Other deals to make their way into the secondary market during the session included ICON plc, Madison IAQ, Pregis (Pregis Topco LLC) and Ilpea Industries Inc.

In more happenings, Culligan (Osmosis Debt Merger Sub Inc.) reduced the spread on its term loan debt and set the original issue discount at the tight side of talk, and Osmose Utilities Services Inc. shifted some funds between its first-and second-lien term loans, lowered pricing, removed the step-down and updated the issue price,

Additionally, Orbcomm Inc. cut the spread on its first-lien term loan and adjusted the original issue discount, and Blackstone Mortgage Trust Inc. tightened the issue price on its term loan debt.

Also, Cengage Learning Inc., Medforth, Herman Miller Inc., Cano Health LLC, Element Solutions Inc. and Gastro Health released price talk with launch.

Furthermore, Visual Comfort & Co. (Illuminate Merger Sub Corp.), WCG Purchaser Corp., Unified Women’s Healthcare LP, CentroMotion, Tenable Inc., MedData Inc. and At Home Group Inc. joined this week’s primary calendar.

Great Canadian revised, breaks

Great Canadian Gaming cut pricing on its $725 million covenant-lite term loan B (roughly C$875 million equivalent) (B2/B+/BB+) due Nov. 1, 2026 to Libor plus 400 basis points from talk in the range of Libor plus 450 bps to 475 bps, added a step-down to Libor plus 375 bps upon ratings of B2/B/B with stable outlooks, and tightened the original issue discount to 99.5 from 99, according to a market source.

The 0.75% Libor floor and 101 soft call protection for six months on the term loan were unchanged.

Previously in syndication, the term loan was upsized from U.S. dollar equivalent C$650 million as the company’s senior secured notes offering was reduced from its initially planned amount to $350 million.

Commitments were due at noon ET on Wednesday and the term loan B broke in the afternoon, with levels quoted at par bid, par ½ offered, another source added.

Deutsche Bank Securities Inc., Barclays, TD Securities (USA) LLC, Macquarie Capital (USA) Inc., BMO Capital Markets and Citizens Bank are leading the deal that will be used to help fund the buyout of the company by Apollo Global Management Inc. for C$45.00 in cash per share.

Great Canadian Gaming is an Ontario-based gaming, entertainment and hospitality company.

MaxLinear flexes, frees

MaxLinear lowered pricing on its $350 million seven-year covenant-lite term loan B (Ba3/BB-) to Libor plus 225 bps from Libor plus 250 bps and changed the original issue discount to 99.75 from 99.5, a market source remarked.

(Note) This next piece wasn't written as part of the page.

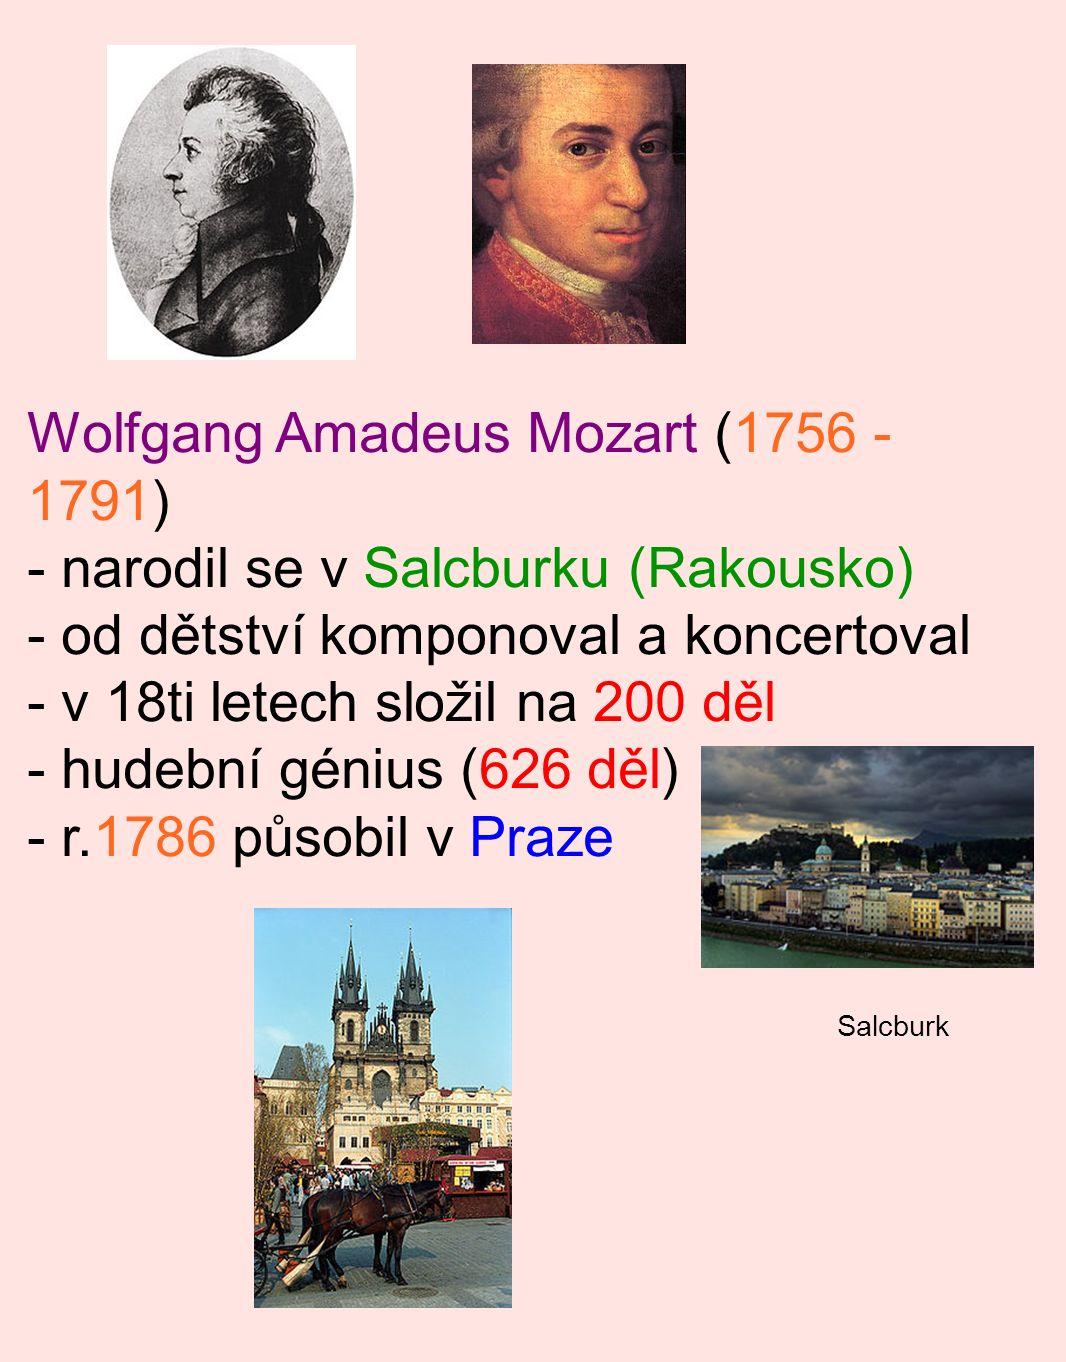 Wolfgang Amadeus Mozart (1756 - 1791) - narodil se v Salcburku (Rakousko) - od dětství komponoval a koncertoval - v 18ti letech složil na 200 děl - hu

The term loan still has a 0.5% Libor floor and 101 soft call protection for six months.

Recommitments were due at noon ET on Wednesday and the term loan B began trading later in the day, with levels quoted at par bid, par ½ offered, another source added.

Wells Fargo Securities LLC, MUFG, BMO Capital Markets and Citizens Bank are leading the deal that will be used to repay a term loan A due 2023 and a term loan B due 2024.

The company also plans on getting a new $100 million revolver (Ba3) due 2026.

Closing is expected during the week of June 21.

MaxLinear is a Carlsbad, Calif.-based provider of integrated, radio-frequency analog, and mixed-signal semiconductor solutions for broadband communications applications.

Signify tweaked, trades

Signify Health set pricing on its $350 million seven-year first-lien term loan B (B1/B) at Libor plus 325 bps, the low end of the Libor plus 325 bps to 350 bps talk, and added a 25 bps step-down upon an S&P issuer credit rating of B+, according to a market source.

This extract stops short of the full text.